Поезд начал замедляться.
– Бологое, – объявил проводник, проходя мимо с веником. – Стоянка пятнадцать минут. Кому курить – бегом, а то не пущу.
Георгий встал.
– Пойдем? Вдохнем воздух середины пути.
Они вышли в тамбур. Здесь было холодно и накурено, несмотря на запреты.
Дверь открылась, впуская морозную свежесть.
Платформа была плохо освещена. Под тусклыми фонарями стояли торговки с варежками, клюквой и мягкими игрушками кислотных цветов.
Георгий спрыгнул на перрон, подал руку Насте.
Она поежилась. Без пальто, в одном свитере, она казалась здесь иностранкой.
Они отошли в сторону, к темному краю платформы.
Георгий закурил. Дым смешивался с паром изо рта.
– Где-то там, – он махнул рукой в сторону Петербурга, – сейчас Борис доедает торт. Или отстирывает рубашку.
– Не напоминай.
– Я не напоминаю. Я фиксирую. Мы перешли рубикон, Настя. Бологое – это наш Рубикон. Отсюда до Москвы и до Питера одинаково. Мы ровно посередине между прошлым и… чем-то еще.
Настя посмотрела на него. В полумраке её лицо казалось бледным, но глаза горели.
– Мне страшно, Жора. Правда страшно. Вдруг я завтра проснусь и пойму, что я сделала ошибку? Что я променяла комфорт на бомжа с огурцами?

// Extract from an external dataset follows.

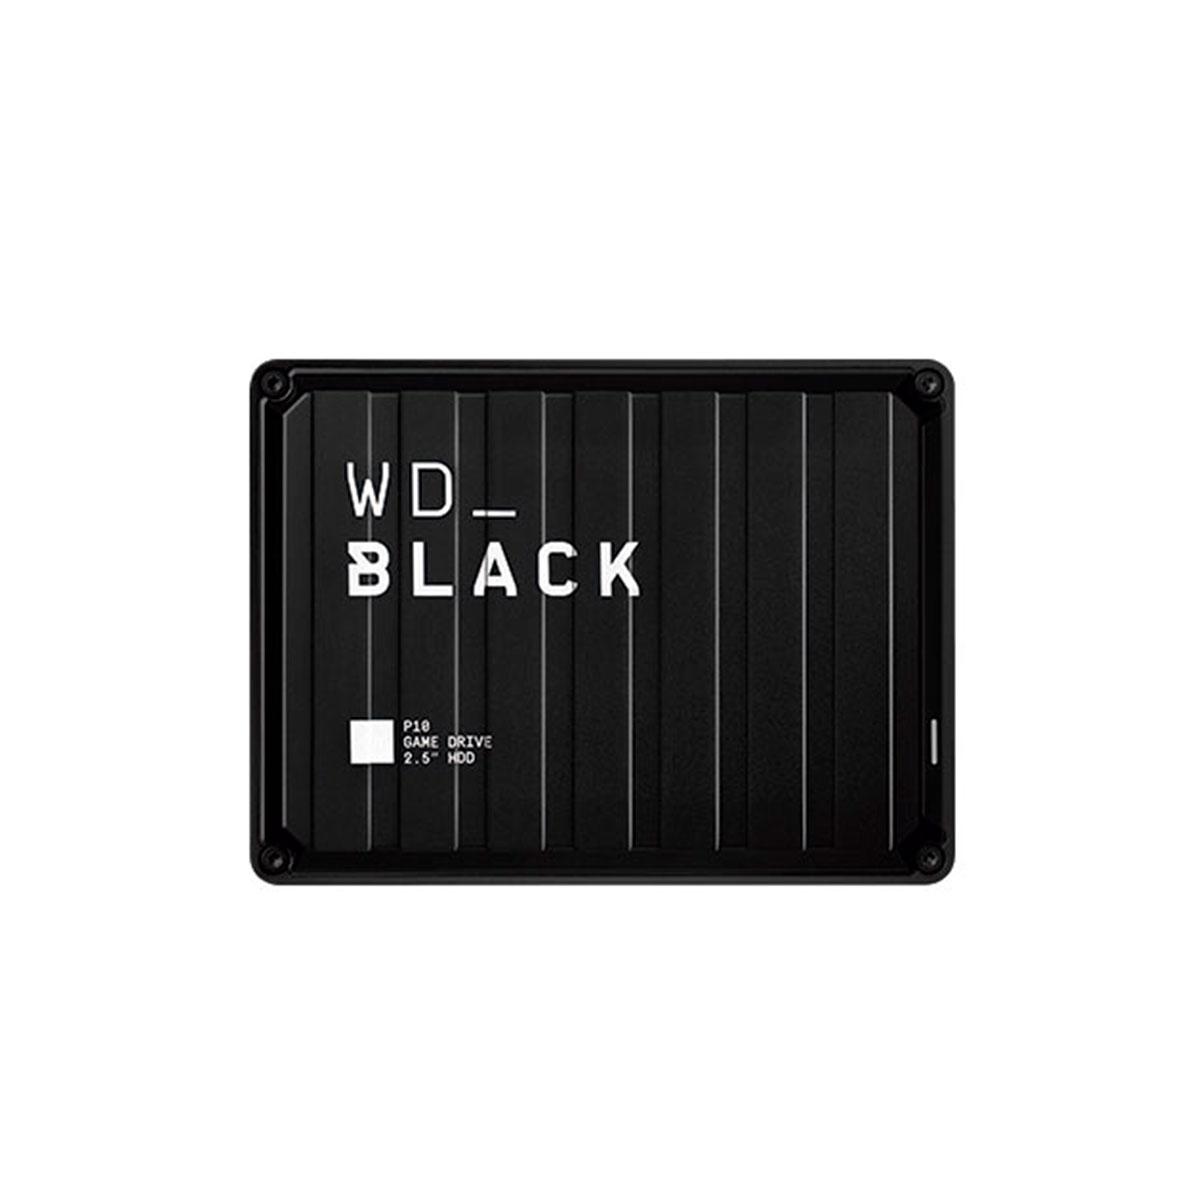 WD_BLACK_P10_COMBO

– Скорее всего, так и будет, – честно сказал Георгий. – Утром, когда ты пойдешь в туалет и увидишь там очередь из пяти мужиков в трениках, ты меня проклянешь.
Он затянулся и выпустил струю дыма вверх.
– Но это будет завтра. А сегодня ты стоишь на перроне в Бологом, у тебя на губах жир от курицы, в голове коньяк, а рядом мужик, который ради тебя готов ограбить еще одно кладбище. Разве это не стоит бежевой плитки?
Она молчала секунду. Потом шагнула к нему и уткнулась лицом в его куртку.
– Стоит, – глухо сказала она в его грудь. – Черт с ней, с плиткой. Поцелуй меня, гравер.
Он поцеловал её.
Это был поцелуй со вкусом табака, холода и дешевого коньяка. Самый честный поцелуй в его жизни.
Мимо прошла торговка с плюшевыми медведями.
– Купи даме медведя, милок! – крикнула она хриплым басом. – Всего пицот!
Георгий оторвался от Насти.
– Не, мать. Медведи нам не нужны. Мы сами звери дикие.
Проводница выглянула из вагона:
– Эй, влюбленные! Отправляемся! Останетесь тут памятником!
Они вбежали в вагон в последнюю секунду, когда поезд уже дернулся.
Вернулись на свои места, раскрасневшиеся, пахнущие морозом.
Валентина Ивановна уже спала, накрыв лицо платком. Из-под платка доносился уютный, домашний храп.
Нога с верхней полки исчезла – ее хозяин, видимо, тоже улегся.
В вагоне приглушили свет. Теперь горели только тусклые ночники, создавая атмосферу интимности в этом общежитии на колесах.
Георгий постелил белье. Матрас был ватным, комковатым, подушка – жидкой, как надежды на светлое будущее.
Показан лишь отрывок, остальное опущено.